Today’s news marks the largest aircraft order in Australian aviation history and follows Qantas evaluating the A320neo and B737 MAX families as well as the smaller A220 and Embraer E190/195-E2s.

“The initial firm order concentrates on the larger, single-aisle A321XLR, and the mid-size A220-300 with purchase right options for the smaller A220-100, giving Qantas a fleet mix that can deliver better network choices and route economics,” said the business in a statement.

“The XLR can carry around 15 per cent more passengers on each flight than the airline’s existing B737-800s, making it well suited to busy routes between capital cities like Melbourne, Sydney and Brisbane. Its longer range means it can also be used to open up new city pairs.

“The small and medium size A220s provide the group with flexibility to deploy these aircraft throughout most of its domestic and regional operations. They could be used during off peak times between major cities and on key regional routes to increase frequency.

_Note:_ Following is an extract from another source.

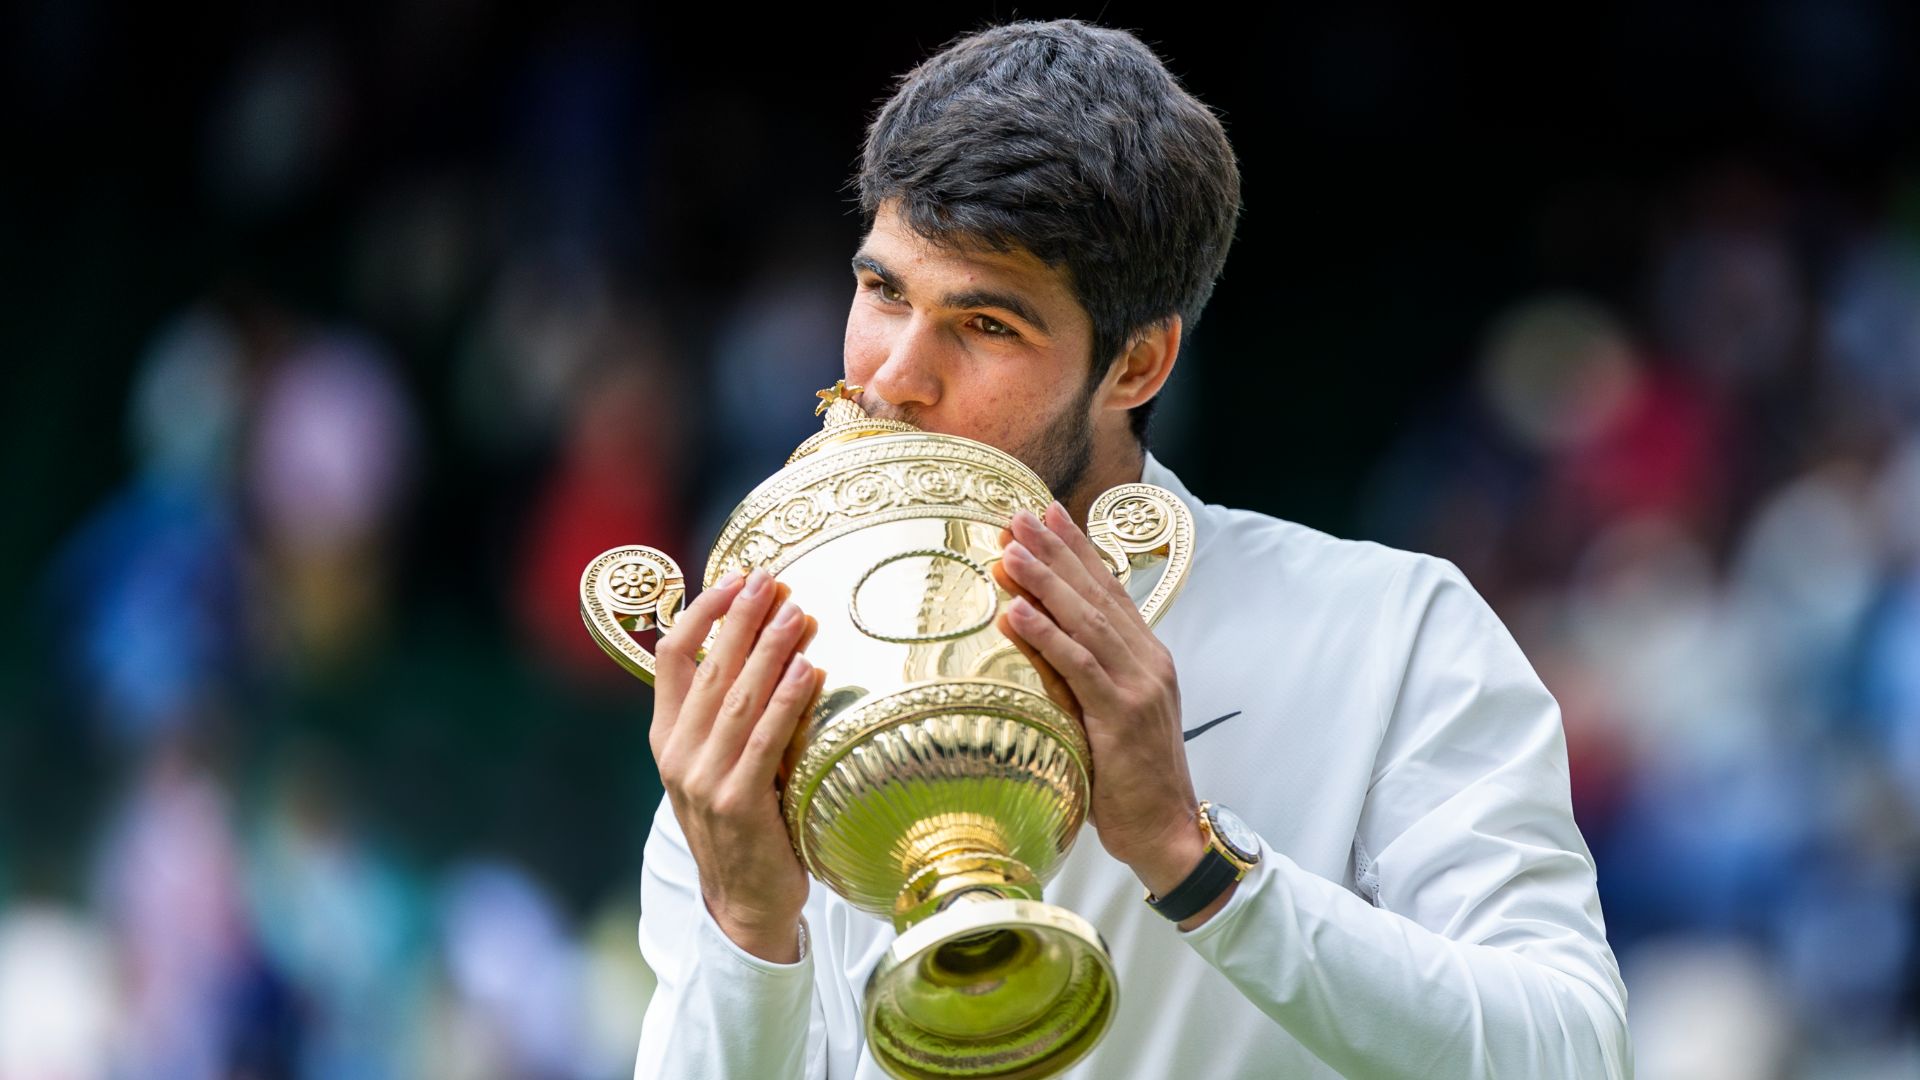 Wimbledon prize money up to £50m

“Both aircraft types will be powered by Pratt & Whitney GTF™ engines and will deliver fuel savings of between 15-20 per cent, contributing to the airline’s broader emission reduction efforts.”

Airbus A320 family

  • Includes the Airbus A320neo and A321neo
  • A320neo seats – from 150 to 180 for a two-class configuration, 6,300km range
  • A321neo seats – from 180 to 220 for a two-class configuration, 7,400km range
  • A321XLR seats – from 180 to 220 for a two-class configuration, 8,700km range
  • The A320neo family offers fuel improvements of 14 per cent from A320ceos
  • 50 per cent quieter than the A320ceos
  • Pratt & Whitney GTF™ (PW1100G-JM) engines

Airbus A220

  • Specifically designed for the 100-150 seat market
  • More than 20 per cent lower fuel burn per seat than B717s, half the noise footprint and decreased emissions
  • Up to 6,390km range
  • Pratt & Whitney GTF™ (PW1500G) engines

3 Comments

  • Ronnie

    says:

    This is absolutely the right choice for Qantas which has a number of high density vs long haul thin routes. I prefer the A320 family for the shoulder room and the 737 MAX worries me about Boeing’s hybrid hard-soft old design that seems to have neither benefit. Thanks Bombardier the A220 has turned out to be a winner. Qantas has long experience now with Jetstar’s Airbus fleet and this development will provide aircrew commonality and flexibility. An excellent result and one that will set Qantas and Jetstar apart from an inferior Virgin fleet, IMV.

    • Steve

      says:

      The other remarkable thing is the choice of geared turbine engines – quite a while since QANTAS flew with Pratt & Whitney. JTD9 on the original 747s?

      • jdfjjdh

        says:

        I’m not sure what’s remarkable about the choice of engines. Qantaslink has Pratt & Whitney on the all the Dash 8s and what choice would Qantas have anyway if they wanted to buy regional jets? PW is the only engine brand offered on the A220 – and on the Embraer – and on the Mitsubishi MRJ! Unless Qantas bought the Sukhoi Superjet or Comac ARJ21 (now THAT would have been remarkable) they are stuck with PW.

        Geared turbine engines have been used before on the BAE146.